No, Apple’s Mac won’t become a locked-down platform like iOS

“As macOS and iOS keep getting closer in terms of functionality (including low-level fundamentals and a shared software platform), I hear a lot of fear from Mac users who are concerned that the Mac is in danger of becoming a locked-down platform that will lose a lot of the capabilities that advanced users have come to expect from their devices,” Jason Snell writes for Macworld.

“The security philosophy Apple has nurtured over the past decade as it has built iOS is one that’s based on strictly limiting what third-party software can do, in turn limiting what users are able to do,” Snell writes. “But I’m optimistic that Apple isn’t planning on barring Mac power users from some of the best things about using a Mac, and there are many ways Apple can create a fundamentally more secure platform without destroying its appeal.”

“Despite the fear that the introduction of the Mac App Store meant that Apple would eventually limit the Mac software market to App Store apps only, that has never happened,” Snell writes. “Apple has also spent the last few years finding alternate paths to offer software security outside of the Mac App Store—an approach that I doubt the company would bother with if it was planning on dropping the hammer and killing all non-App Store apps.”

Read more in the full article here.

MacDailyNews Take: From what we see and hear, the fears of the Mac becoming a locked-down platform are unfounded.

We like that Apple is focused on making the Mac as safe and secure as possible out of the box. More experienced users can and will continue to be able to turn off security features and install third-party software to their hearts’ content.

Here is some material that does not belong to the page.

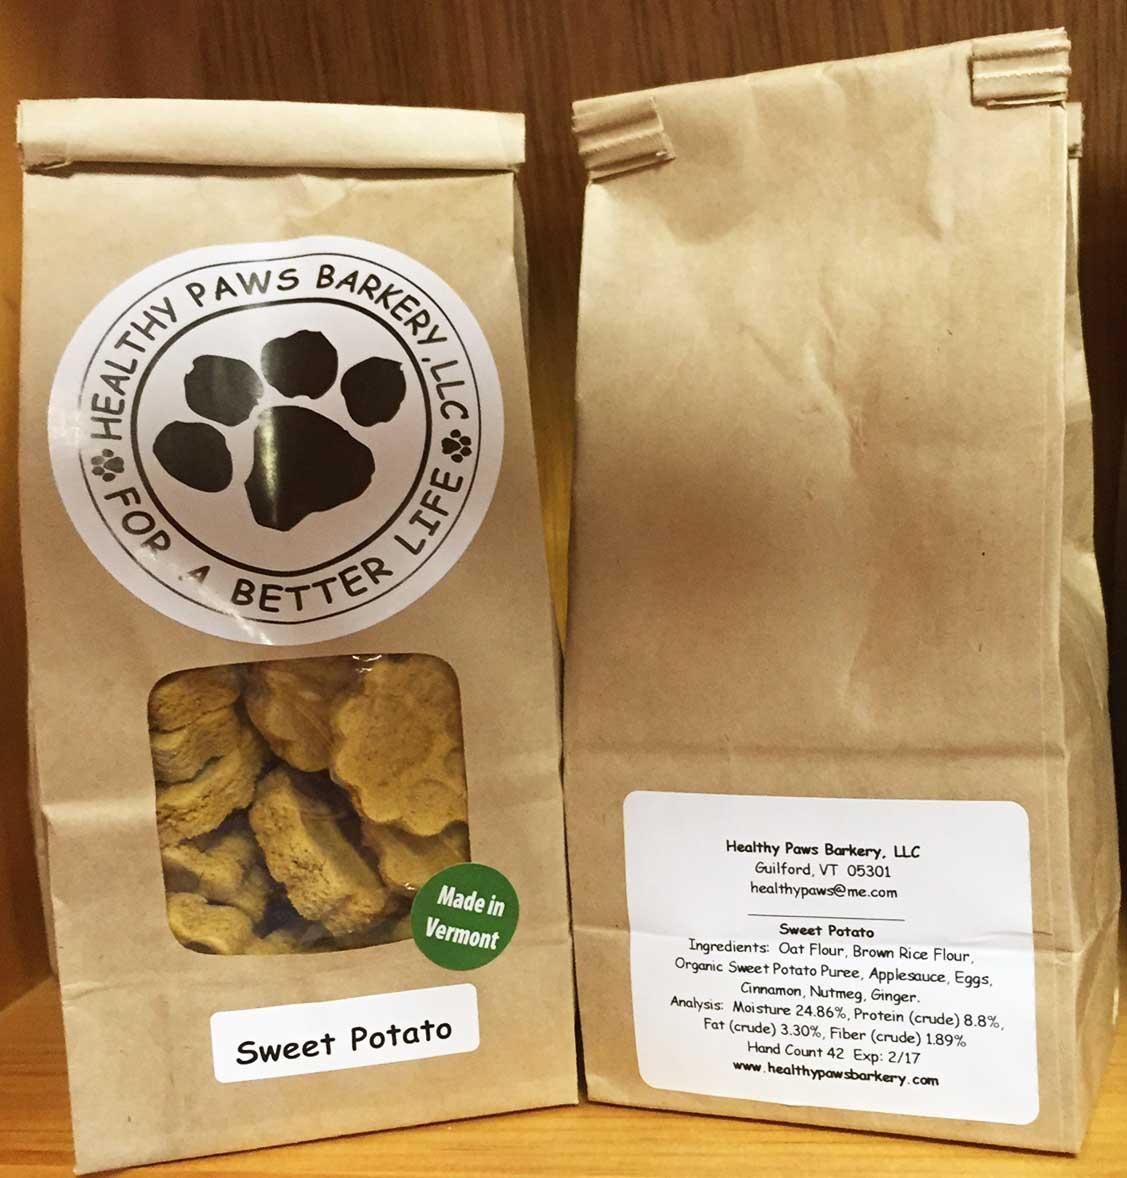 Healthy Paws Barkery - Sweet Potato Dog Treats

There’s more to Apple’s Mac app notarization than that – April 24, 2019
Apple edges closer to cursory code review for all Mac apps – April 24, 2019
Apple will soon require all macOS apps to be notarized – April 9, 2019
Apple’s macOS third-party app clampdown probably not as bad as rumored – March 22, 2019
Apple locking down the Mac? macOS 10.15 said to require a developer ID certificate – March 20, 2019


  1. The Mac will continue to do what the Mac does until one morning when the majority of people wake up and realize that they don’t think about their Macs much, because they use their iOS devices. Sorta like when you get divorced. At first the separation anxiety is acute. Then one day you realize you haven’t thought about her in over a week.

    Even now I find the days where I don’t use a Mac at all occurring more frequently.

    1. You are very much more alone in that than you know. My 3-4 Macs are in constant use in the household. iOS devices as well complementing our Macs. Only people who never needed a computer for it’s obvious advantages and heavy lifting will find just iOS devices will fill the bill. I absolutely LOVE my Macs! Plus the big displays, etc..

      1. Yeah, sure. Later…

        It amaze me how Apple fans will justify every decision Apple takes to rip them off, even when nothing allow it in the first place.

        It’s called the Stockholm syndrome.

        Every decision Apple has take in recent year regarding hardware and software design in recent year has been to cut costs at every corner and extract the maximum of benefit, either on the pretense of security concern or esthetic or portability improvement.

  2. Apple is heading toward locked down platform like iOS. Now there is notarization, allowing apps outside the Mac AppStore to be installed. But the final outcome is to stop allowing “sideload” install and force user to rely only on the Mac AppStore in order for Apple to ransom users and developers with its 30% Apple tax on the App Store.

    They are in the process of implementing change in the System to prevent any modification which would allow installation from outside the App Store. For exemple, in Catalina, they introduced a separated System partition mounted in Read-Only mode, like on iOS, preventing any change to it. You can still currently mount it in Read-Write mode but it won’t last. There is a reason why they separated the system partition. They just introduce the changes slowly in order to boil the proverbial frog without her noticing it. One day users will discover the System partition is not Write-mode mountable anymore. They will play the security card as usual.

    And soon, probably 2 or 3 years, or at best when they ditched support for every Intel processor Mac and switched completely to ARM, they will stop notarization program as well, still out of “security concern”.

    And then they will be in position to impose the Apple taxe to every paid software installed on a Mac.

    And Mac, once loved by developers, will become an overpriced computer for mom and pop.